TanyaH: alot of ontology content is being handled / modeled as rules. The intersection and the tools that support the intersection are still not yet mature

Next Speaker: VipulK

VipulK: we are looking at the intersections between the biological / clinical spectrum and research / practice
... if there is one thing common across these it is the sharing of clinical observations

-> http://esw.w3.org/topic/HCLS/ClinicalObservationsInteroperability/November2007F2FAgenda.html?action=AttachFile&do=get&target=Vipul_F2F_Slides.ppt Vipul's slides

VipulK goes over blood pressure models in both DCM and SDTM

scribe: demonstrates how these models can be expressed in OWL

VipulK: patient data can be merged by making coherent connections between observations on the same patient

Question: was it difficult mapping terms and identifying criteria for definitions?

scribe: was OWL sufficiently expressive?

VipulK: Initially OWL was expressive enough
... eventually the pragmatism must be considered in determining which languages to use

ScottM: Subsumption and equivalence may not be sufficient

Question: how were the mappings generated / created

VipulK: manually (across 2 models)
... one issue: we want real world data from healthcare providers ...

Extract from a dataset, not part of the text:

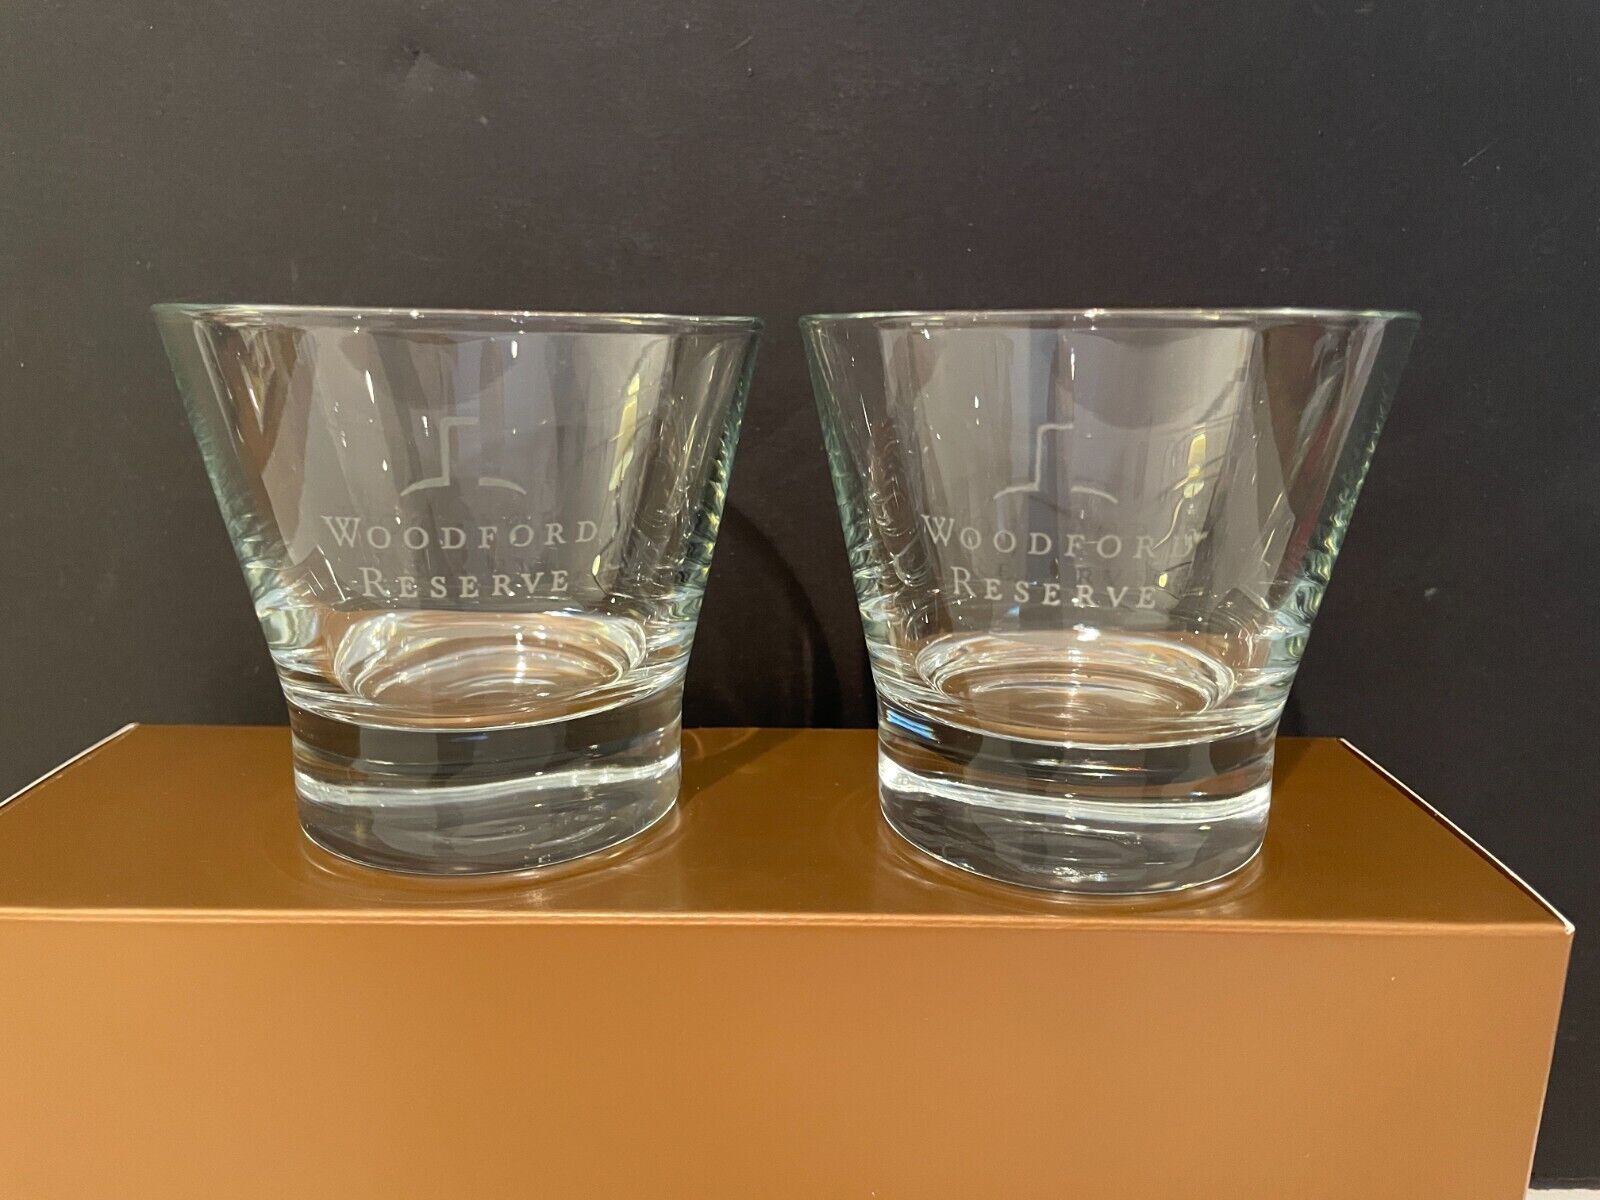 Two (2) Etched Woodford Reserve Bourbon Whiskey Rocks Glasses - Wide Mouth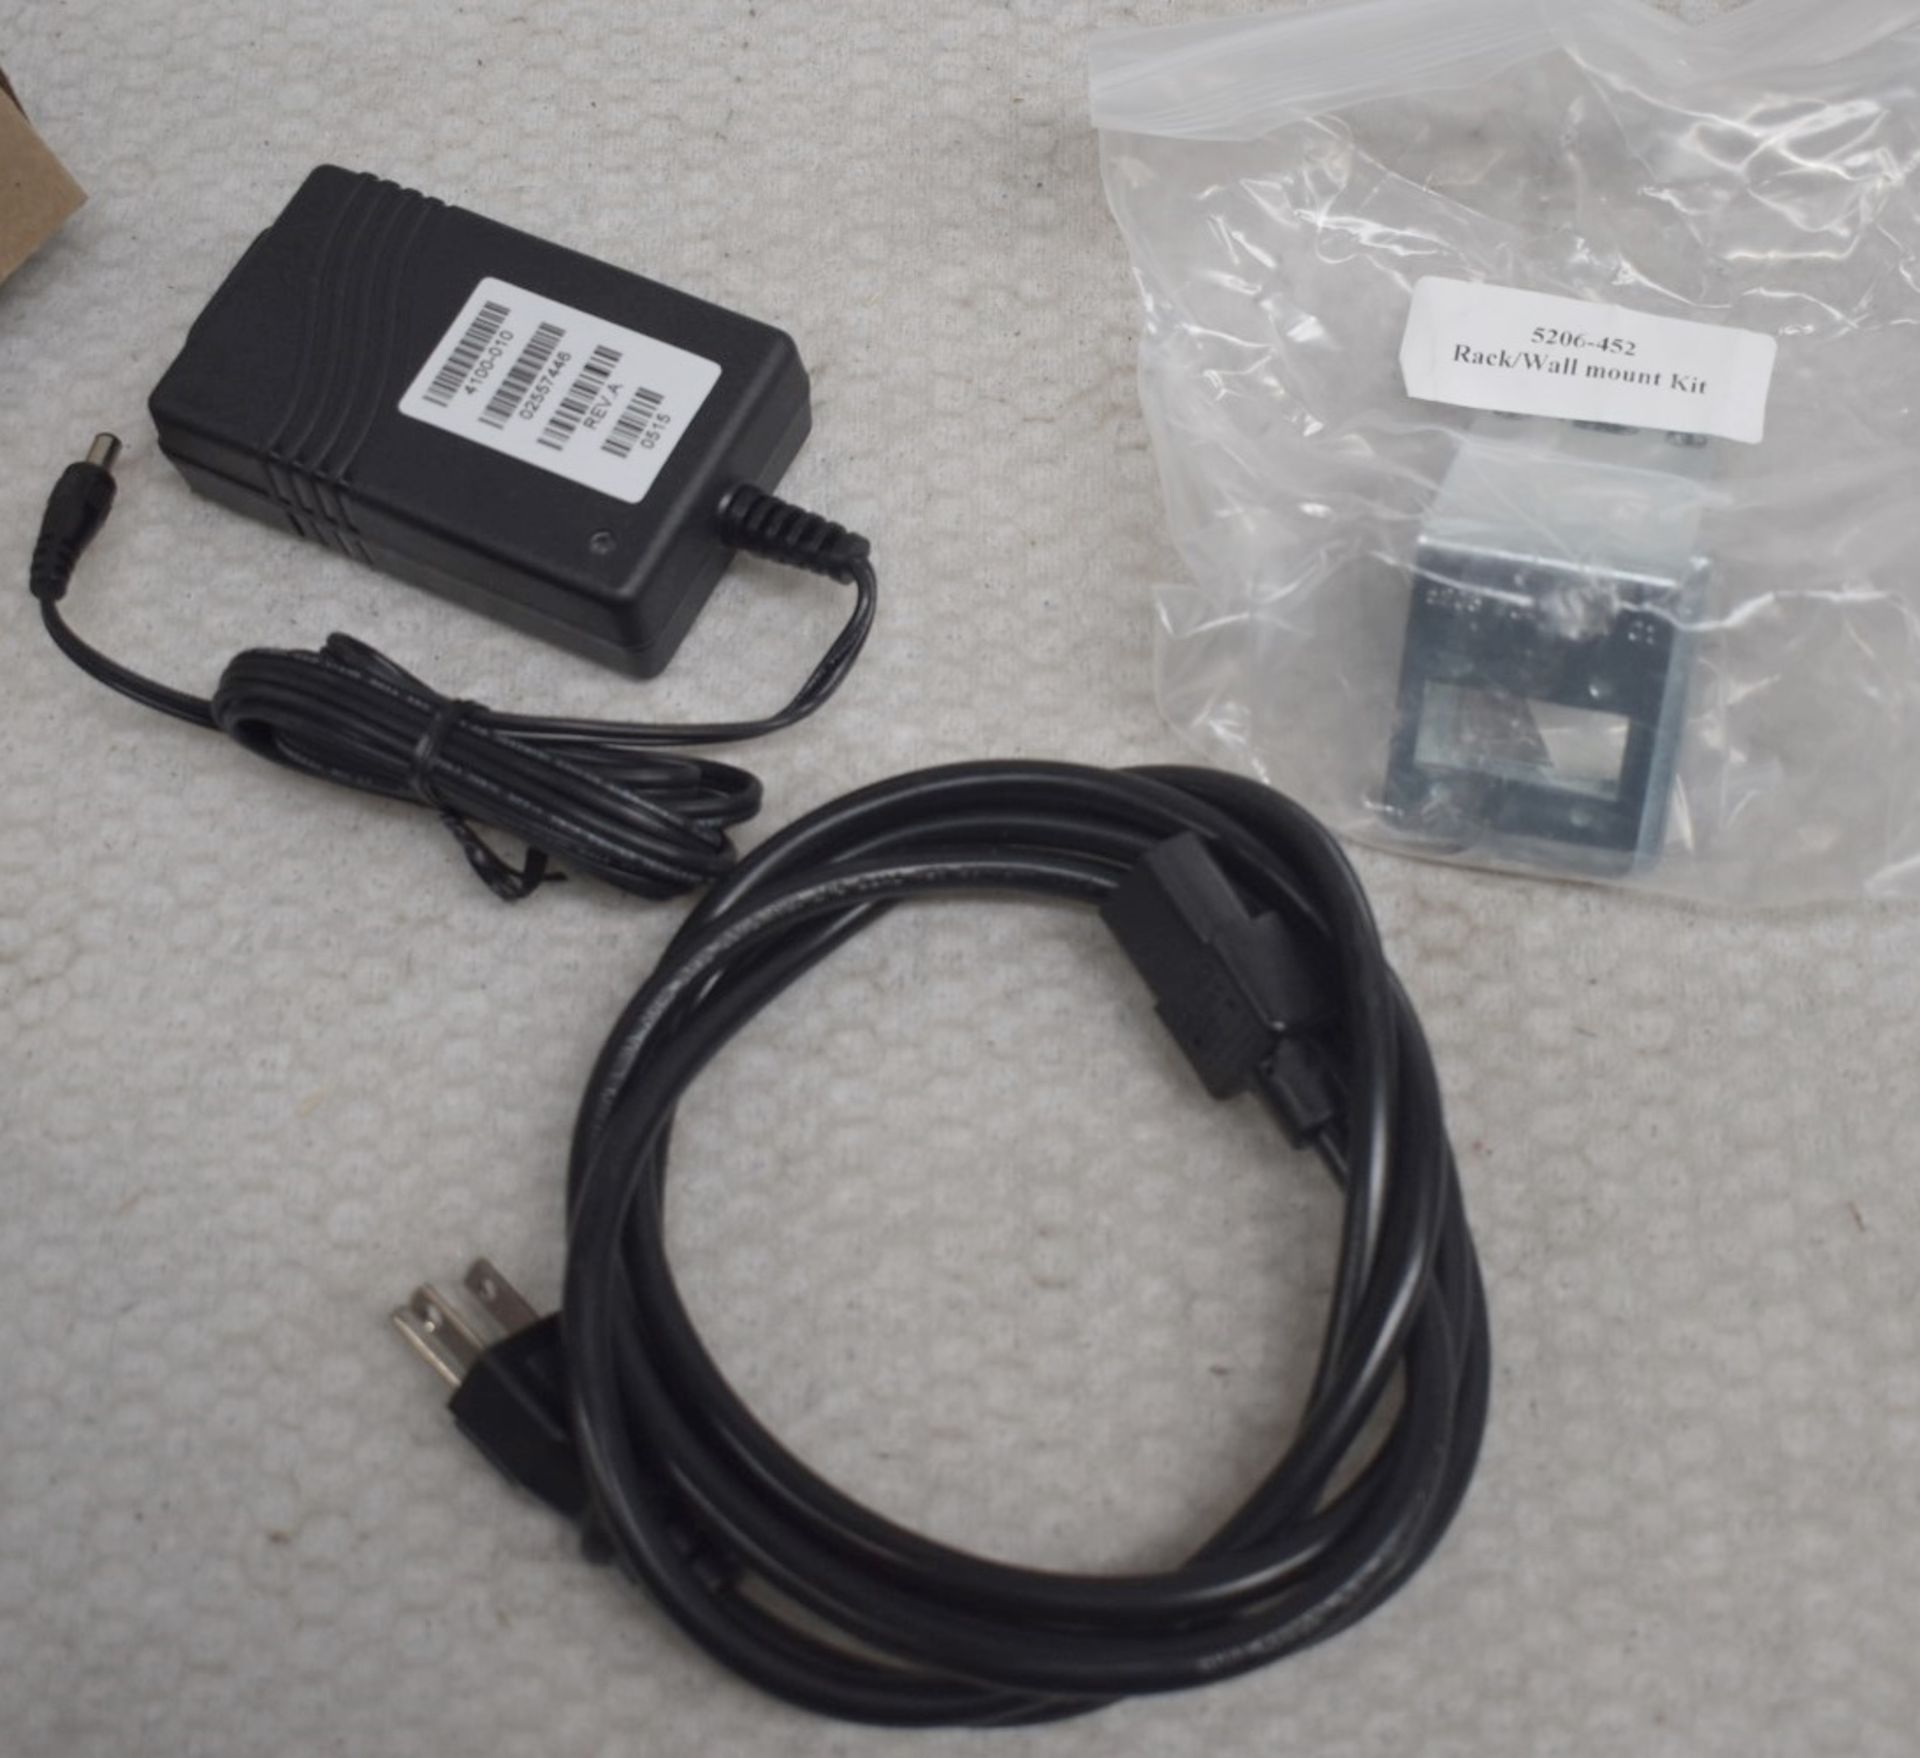 1 x TELLABS 8815 Multi-Service Access Node - Includes PSU, Manual & Software - Guide Price £1, - Image 8 of 9

JoanneL: which tools were used?

VipulK: we mostly used spreadsheets and protege

Question (from audience): how are you validating

VipulK: 1) validation by experts (scribe not sure)
... 2) ultimate test is to run it in a system
... 3) use inference to test consistency

Next speaker: Rachel Richesson

-> http://esw.w3.org/topic/HCLS/ClinicalObservationsInteroperability/November2007F2FAgenda.html?action=AttachFile&do=get&target=Rachel_F2F_Slides.ppt RachelR's slides

<Karen> Rachel describes projects her group does

<Karen> ...NIH projects for example in diabetes

EMR: Electronic Medical Record

EHR: Electronic Healthcare Record

Rachel: The goal is to identify / screen patients via data in the EMR/EHR

Rachel goes over a slide of the process and the data involved

<zzz> scribe: Karen

clinicaltrials.gov is source of sample protocol data

scribe: sites challenges around terminology of standards; reviews chart

CHI= Consolidated Healthcare [?]

Q: Does it have to include MEDRA (sp?)

Rachel: MEDRA would be in the findings range
... the chart information will change; but is a frame today
... CDSIC = Clinical Data Standards Interchange Consortium
... people and activities overlap; however some different terminology in use
... eg CDISC uses NCI

Tonya: We're mapping some things to SNOMED, but have to create our versions sometimes

Rachel: we have use cases but need standards
... one level for mapping
... another is a bottom up approach to look at the data
... good context to know there is a variety of representation issues to deal with
... not there yet on delivery end or clinical end
... HL7 is one to watch for healthcare

<alanr> ping

Rachel: BRIDG trying to bring together HL7 and CDISC
... Detailed Clinical Models; lots of ways to represent this
... what we need to remember is what the models are and how we use them consistently

[visual cartoon]

<ericP> what is the biggest conduit for getting patient data into a bytes and chars?

Fabien?

I have a message for you

<alanr> data entry personel?

<ericP> i wonder if we can play with these machines/interfaces

<ericP> when someone says "taxonomy-direccted input", i don't have a feel for it 'till i see the UI

<ericP> and the pain of the person inputing the data

<eneumann> For those virtually present (Bo and Kerstin), feel free to raise a question by typing 'q+'

Participants discuss legal issues with releasing data

scribe: challenges of anonymizing data, not releasing patient information

<alanr> http://browse.opengalen.org/

<alanr> in firefox

<alanr> example of taxonomic choice

<jar> breaking for coffee now, rrsagent.

<eneumann> scribe: eneumann

Marcus Collins from Novartis is attending...

Tom Oniki presentation...

Tom: working with Stan Huff and Joey Coyle from Intermountain
... not-for profit serving Utah
... need clinical models, and computerized decision support, automated data analysis
... this requires standard data structure at a fine-granular level
... one use case in Clin Decision Support is CT recruitment
... Clinical Element Model (CEM): 12 yrs of effort; for data entry, decision logic, core services...

CEML is an XML model

scribe: Type, Key, and Value Choice
... Data and Item (also a CEM)
... use HL7 v.3 data types
... can make collection of Observation items
... qualifier give more info on value choices (recursive items)
... do qualify the data or the subject?

Joey: qualifiers of modifiers is more complicated, incl. negation

alanr: the qualifier item may vary depending on how you use the data

<ericP> alanr, how about { [ a :BunchOfBodyMeasurements ; :bodyPos [ a :BodyPos ; :bodyPosition :sitting ] ; systolicBP "120"^^:mmHg ] } ?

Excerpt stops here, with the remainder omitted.